DATA FOR PROCESSING:
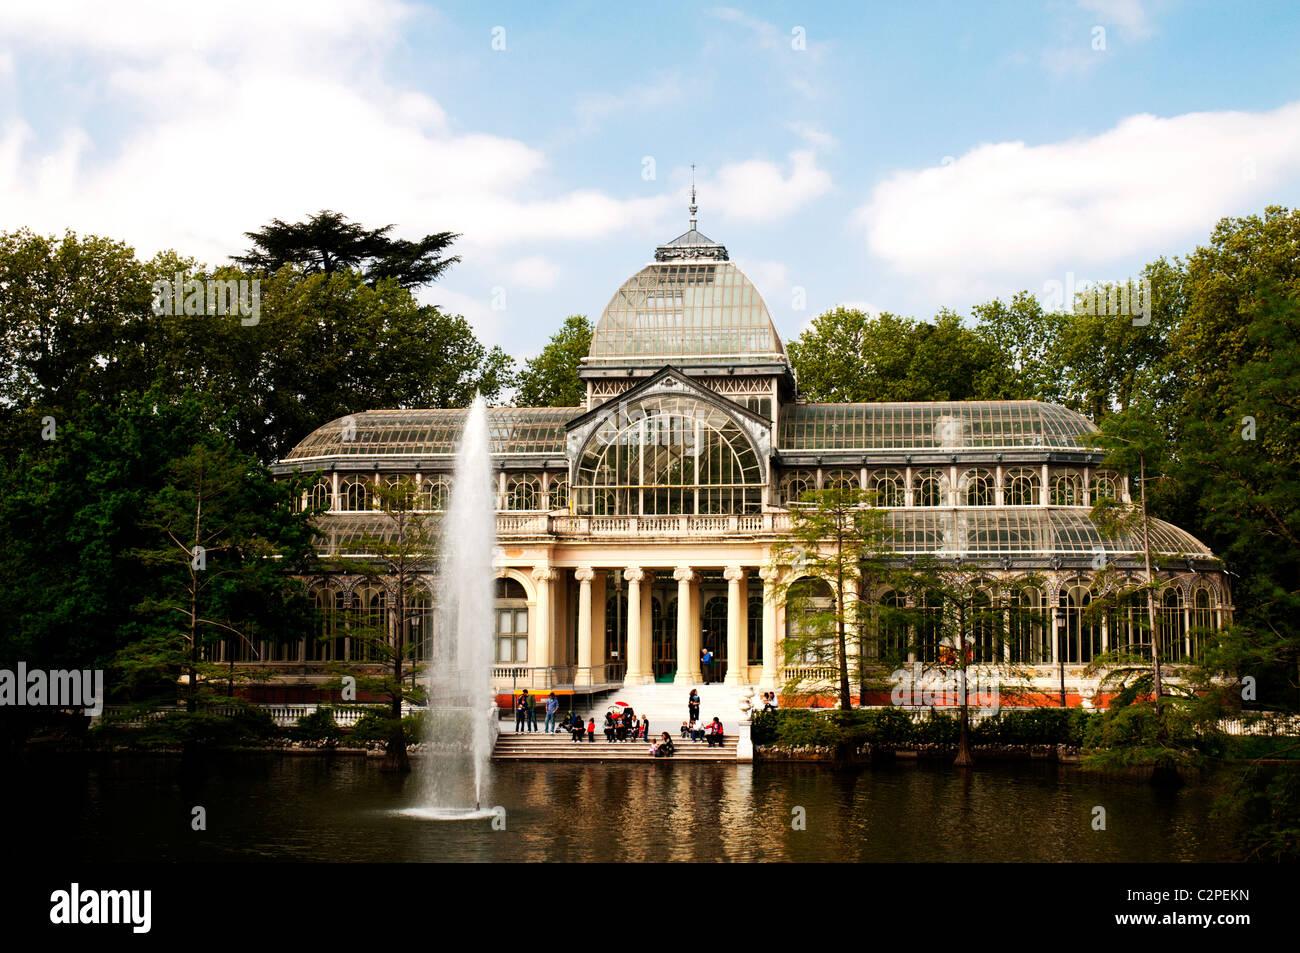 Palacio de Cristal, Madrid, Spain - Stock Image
--
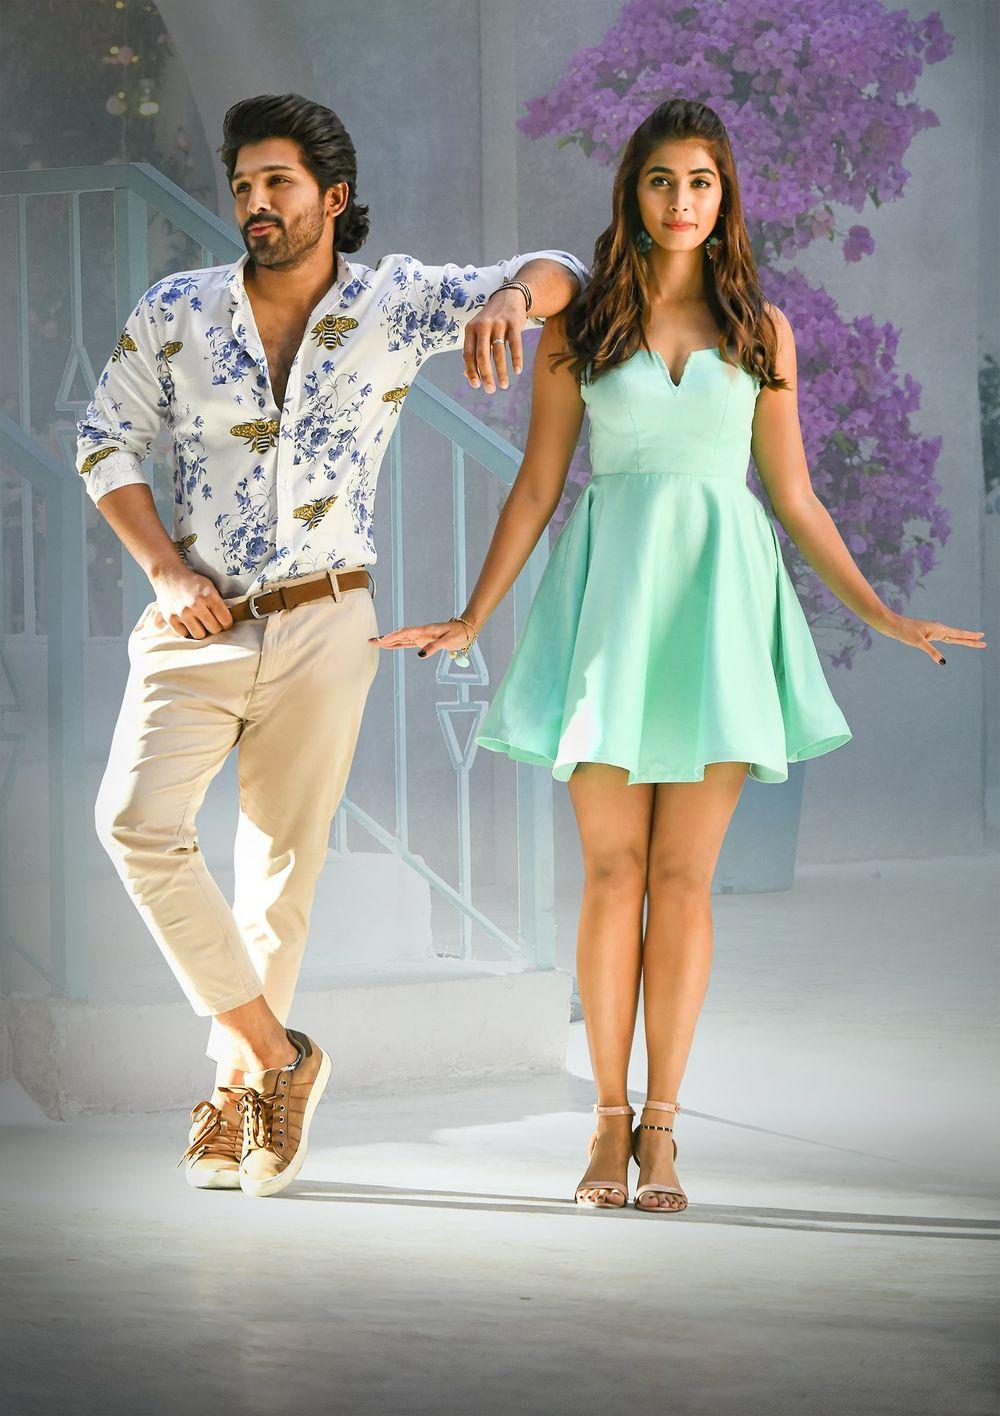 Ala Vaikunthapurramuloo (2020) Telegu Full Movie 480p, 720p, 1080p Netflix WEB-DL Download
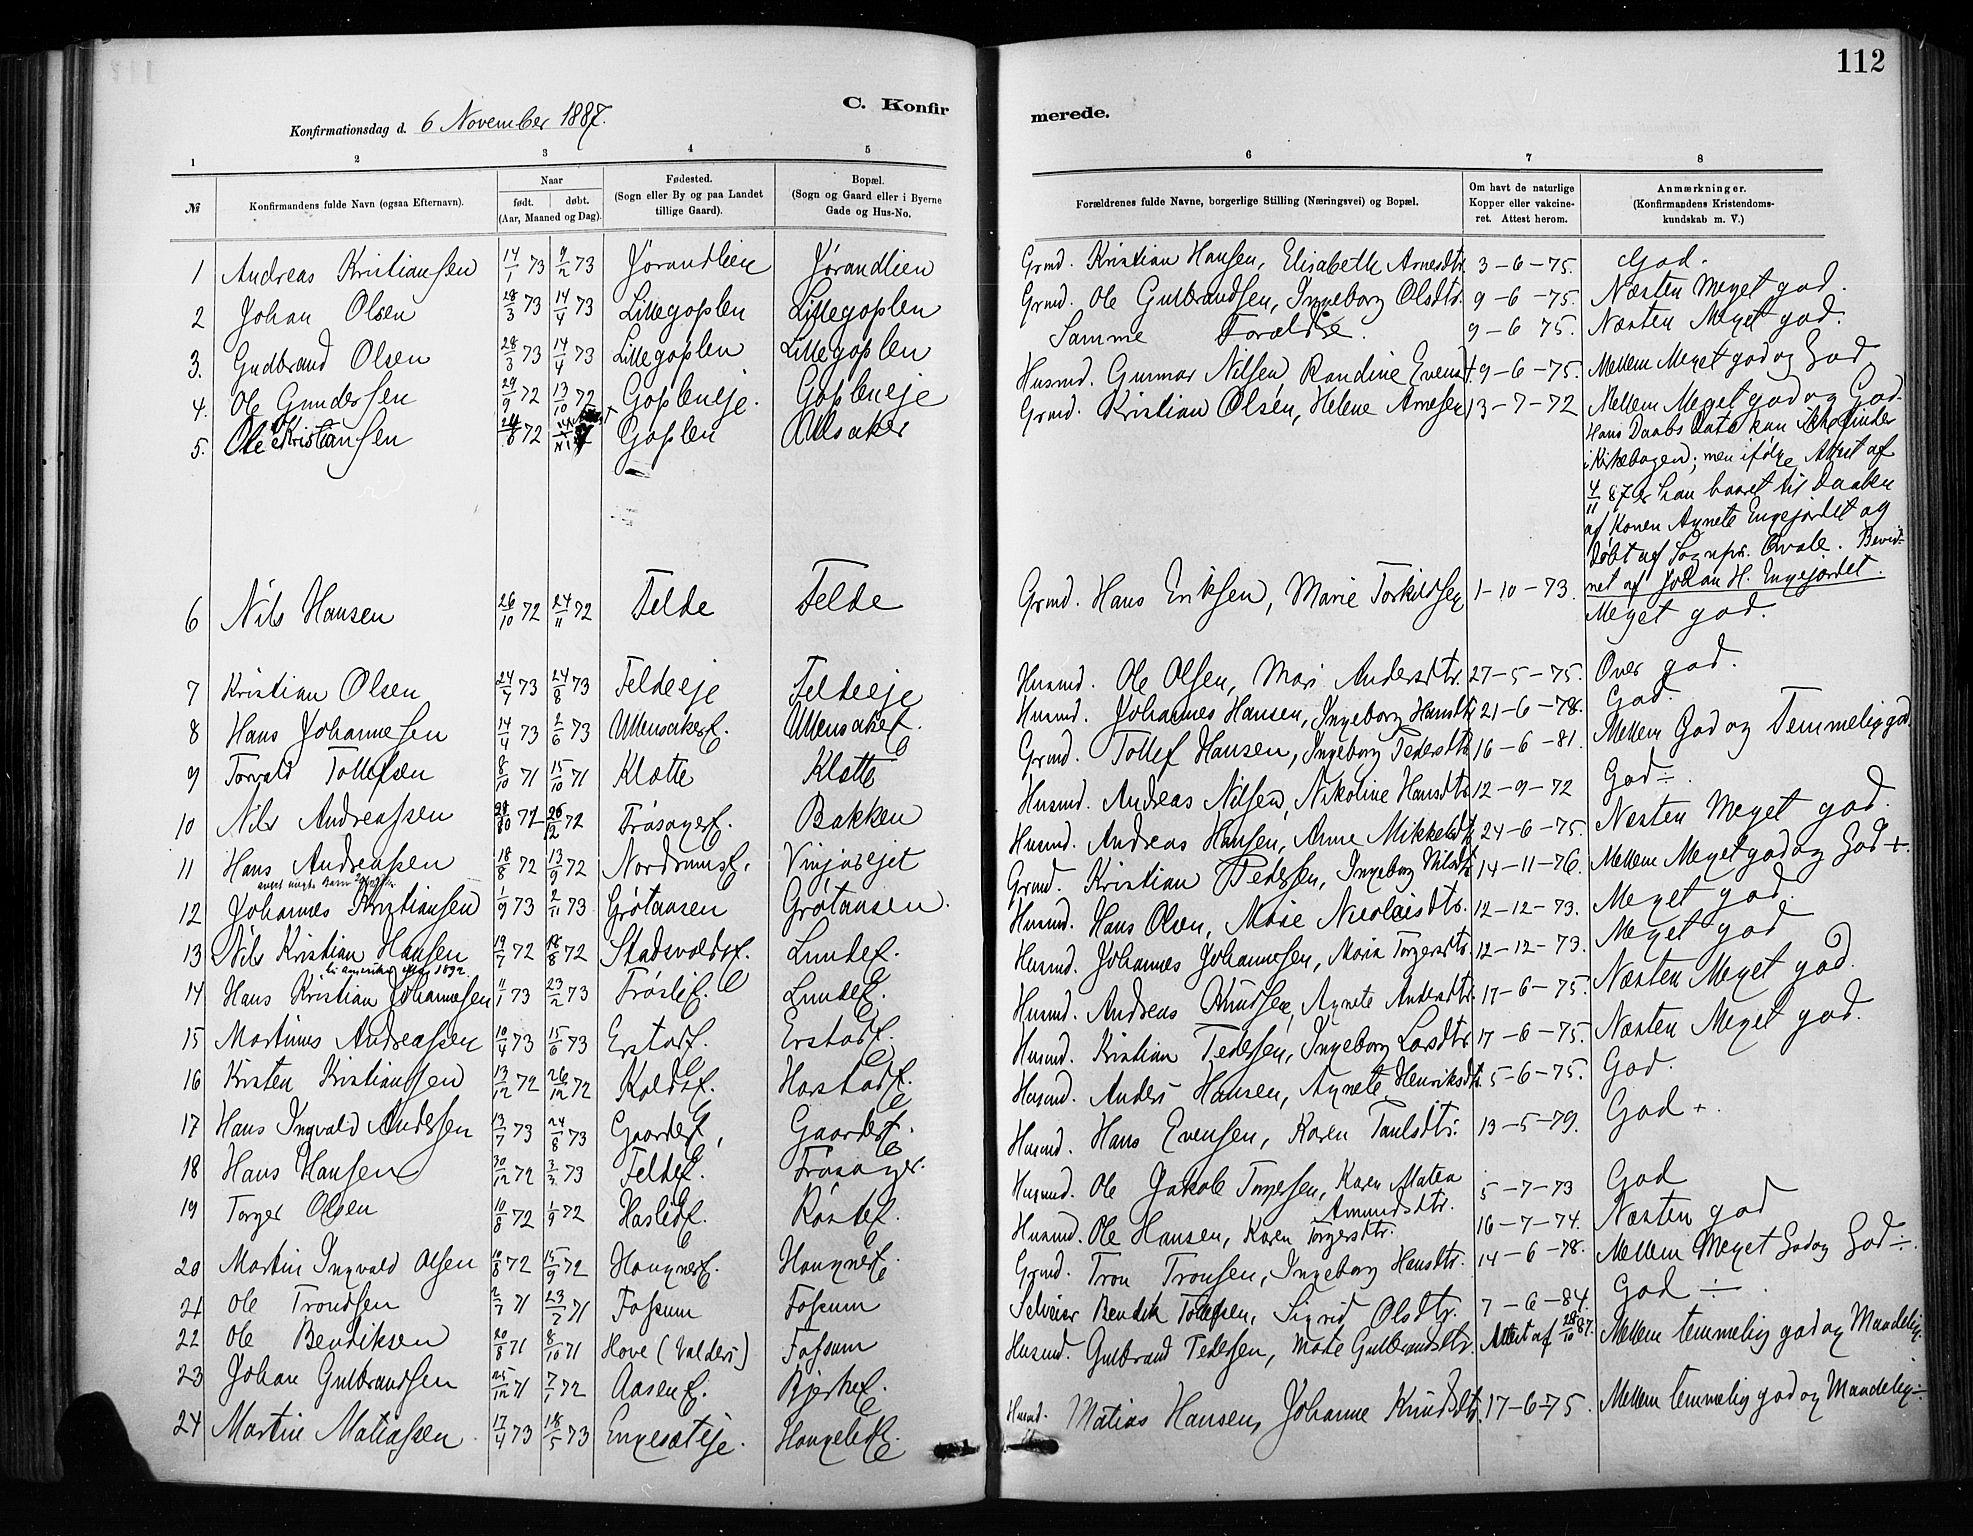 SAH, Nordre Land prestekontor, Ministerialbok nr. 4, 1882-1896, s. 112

ABOUT THIS TASK: The lines to copy exactly start with the line above that has "Ala Vaikunthapurramuloo (2020)" and go on through the line that has "SAH, Nordre Land"; please include both, add nothing else, and omit the pictures.

RESULT:
 Ala Vaikunthapurramuloo (2020) Telegu Full Movie 480p, 720p, 1080p Netflix WEB-DL Download
 SAH, Nordre Land prestekontor, Ministerialbok nr. 4, 1882-1896, s. 112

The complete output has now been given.